Mais la situation dégénère rapidement. Dans un extrait de la vidéo, on entend les policiers demander à Lloys de leur montrer ses pièces d’identité. Ce dernier propose donc aux agents de sortir de chez lui pour qu’il leur donne ses pièces d’identité à l’extérieur.
Les policiers présents, qui auraient refusé de s’identifier, procèdent alors à une arrestation musclée. Lloys est blessé à la tête au cours de l’intervention. Le jeune homme demeure marqué par l’incident. Depuis, il évite d’entrer en contact avec des agents de la paix. « Je veux simplement ne rien avoir à faire avec eux », déclare-t-il. Les relations médias du SPVM ont refusé de commenter l’affaire.

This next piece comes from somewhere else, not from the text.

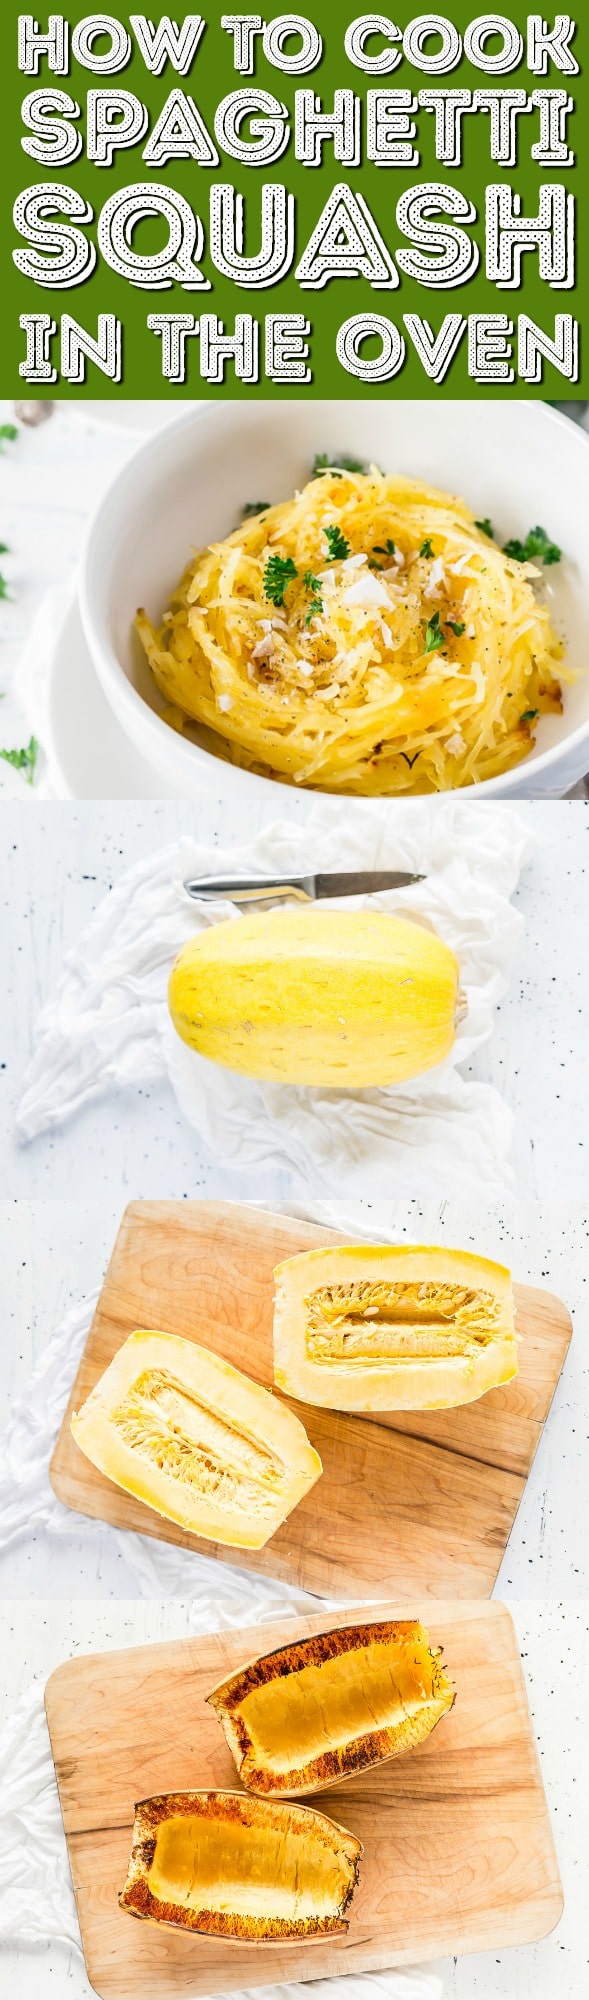 Use this simple step-by-step guide for How to Cook Spaghetti Squash in the oven for a delicious and healthy side dish, lunch, or dinner recipe! via @sugarandsoulco

Intervention policière : quelques conseils
Depuis le début de la pandémie, plusieurs altercations sont survenues avec les forces de l’ordre. Comment faire face à une telle situation ? Lloys Chatel-Elie nous donne son avis sur la façon de réagir en cas d’arrestation afin de réduire les risques de brutalité policière.
Y faisant écho, Fo Niemi, co-fondateur et directeur exécutif du Centre de recherche-action sur les relations raciales (CRARR), offre des conseils sur la façon de se comporter lors d’une intervention pour éviter le plus possible tout danger.
Appeler un proche
Il est possible qu’il n’y ait aucun témoin sur place au moment de l’intervention des policiers. « Si vous êtes seul, appelez un proche sur votre cellulaire et laissez la ligne ouverte tout le long de l’intervention pour que la personne puisse entendre la conversation », recommande M. Niemi « Quand on est seul, on est complètement à la merci des policiers. Il est ensuite plus difficile de prouver sa version des faits s’il n’y a pas de témoin », ajoute-t-il.
S’identifier
Si la police vous demande une pièce d’identité, ou les papiers de votre voiture si vous êtes sur la route, M. Niemi suggère de les leur fournir immédiatement. « En vertu du Code de la sécurité routière, et en vertu du Code criminel du Canada, si vous refusez de présenter vos papiers, vous risquez d’être accusé d’entrave au travail des policiers.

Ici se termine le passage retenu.